▶ **RECORDS TO USE**

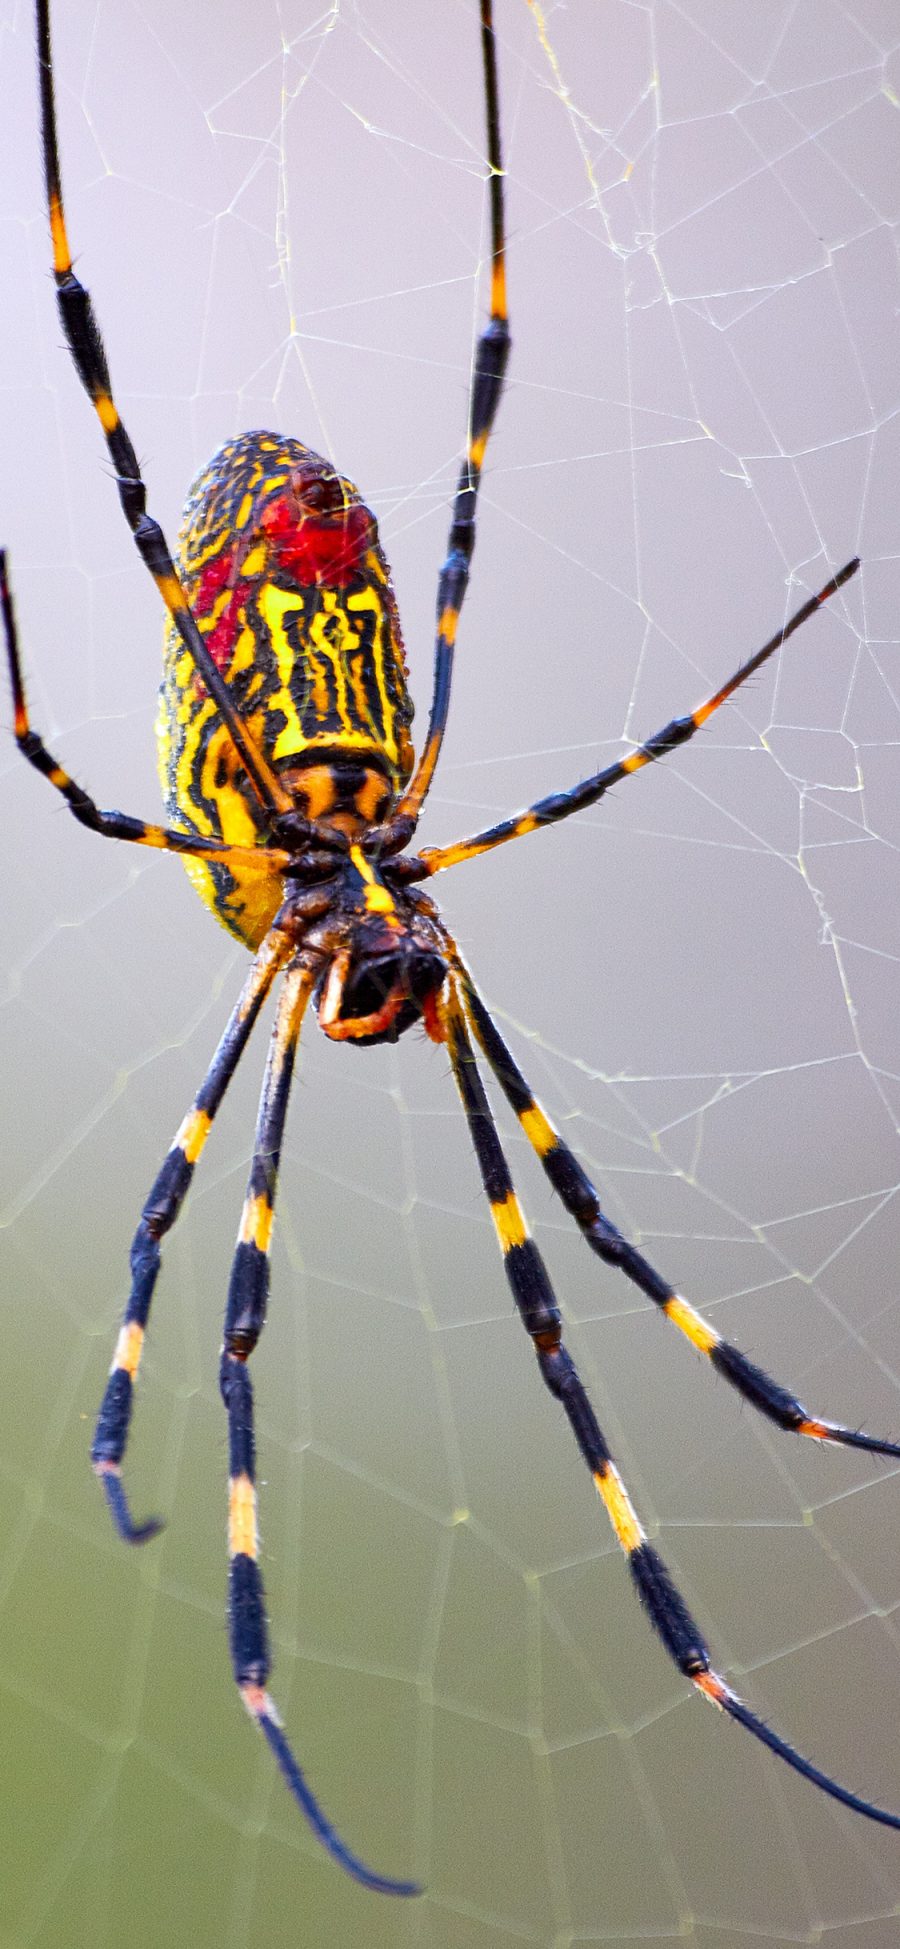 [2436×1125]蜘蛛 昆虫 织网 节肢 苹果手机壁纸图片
---
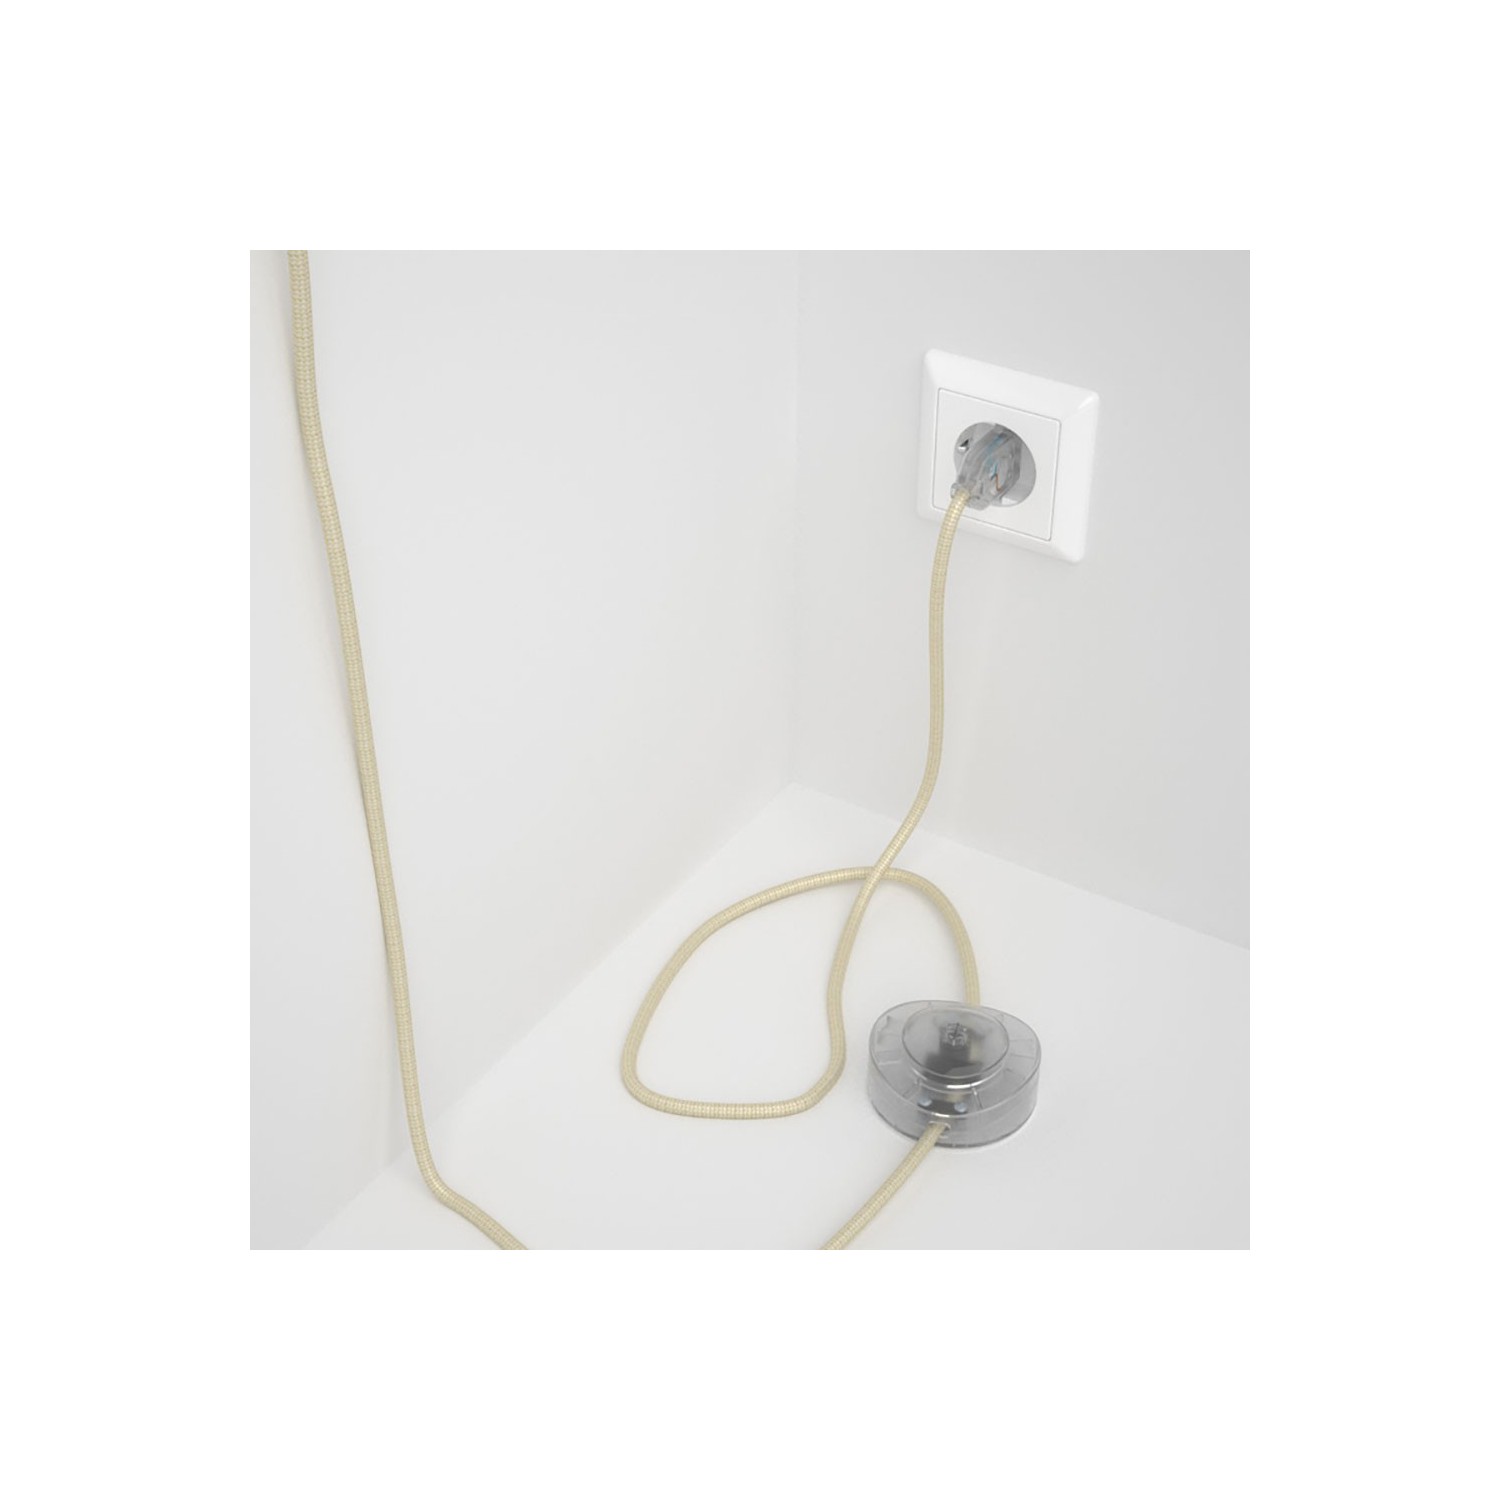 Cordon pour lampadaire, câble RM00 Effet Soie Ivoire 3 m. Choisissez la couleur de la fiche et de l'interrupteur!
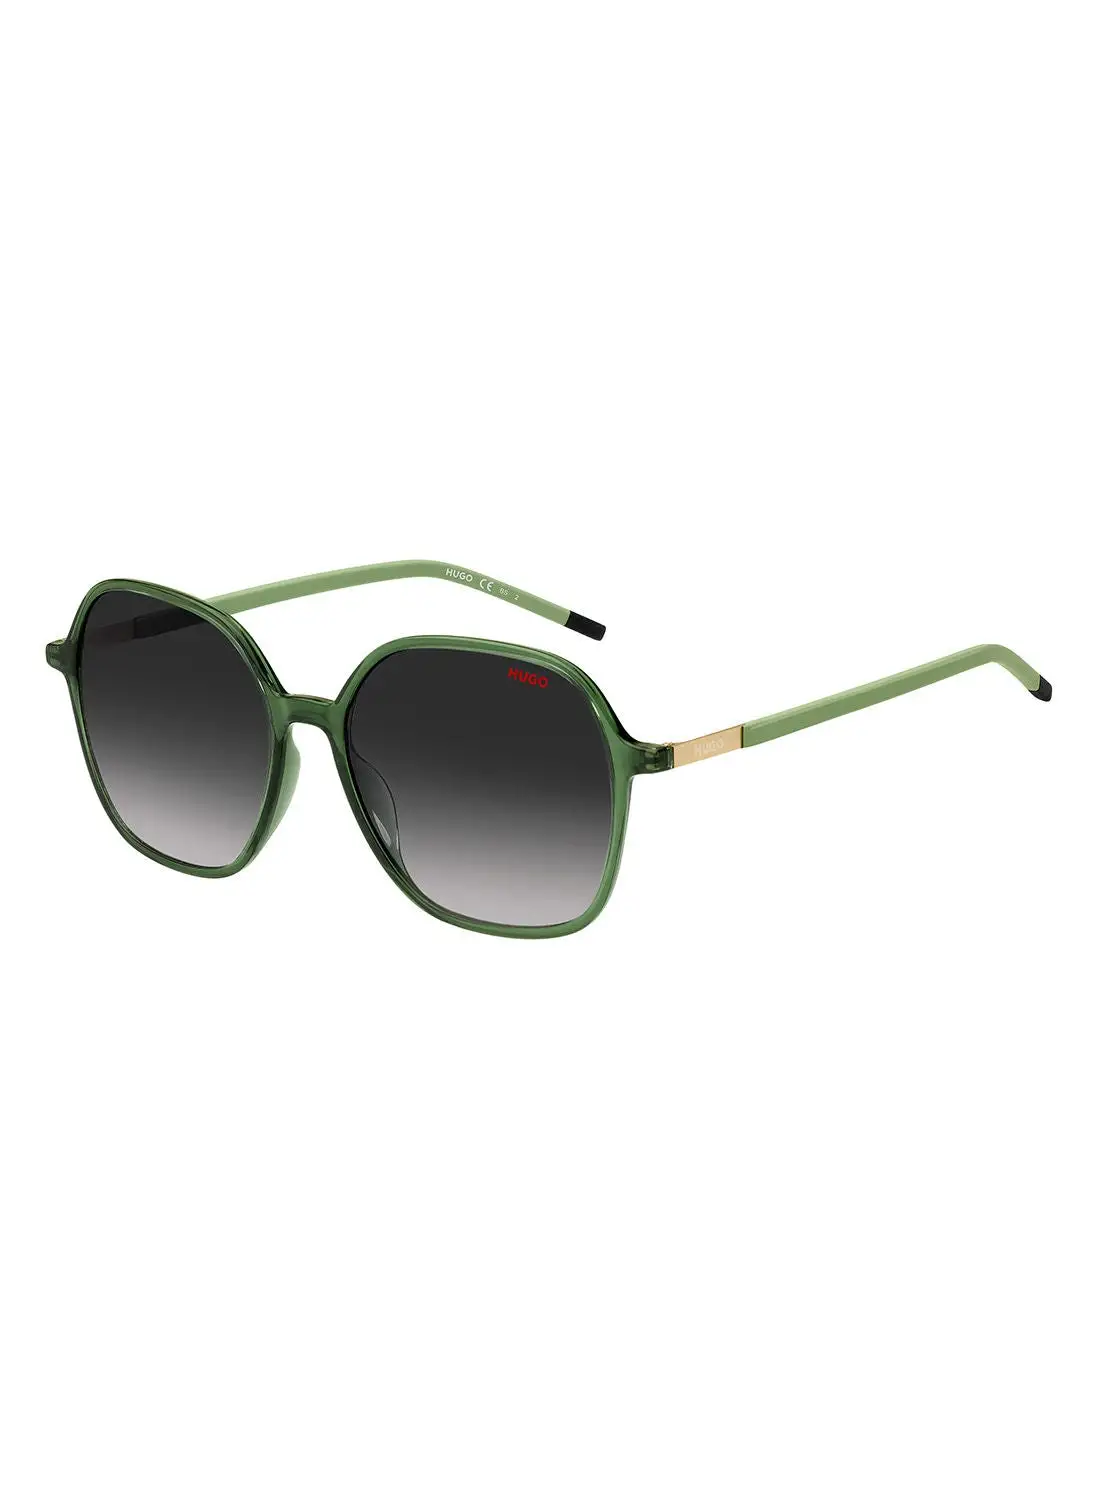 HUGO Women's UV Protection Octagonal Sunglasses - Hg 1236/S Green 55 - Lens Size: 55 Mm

▶ **REQUIREMENT**
Take the material above from the line bearing "Cordon pour lampadaire, câble" through the line bearing "HUGO Women's UV" and write it out exactly, both end lines included. Pictures stay out.

▶ **TASK RESULT**
 Cordon pour lampadaire, câble RM00 Effet Soie Ivoire 3 m. Choisissez la couleur de la fiche et de l'interrupteur!
 HUGO Women's UV Protection Octagonal Sunglasses - Hg 1236/S Green 55 - Lens Size: 55 Mm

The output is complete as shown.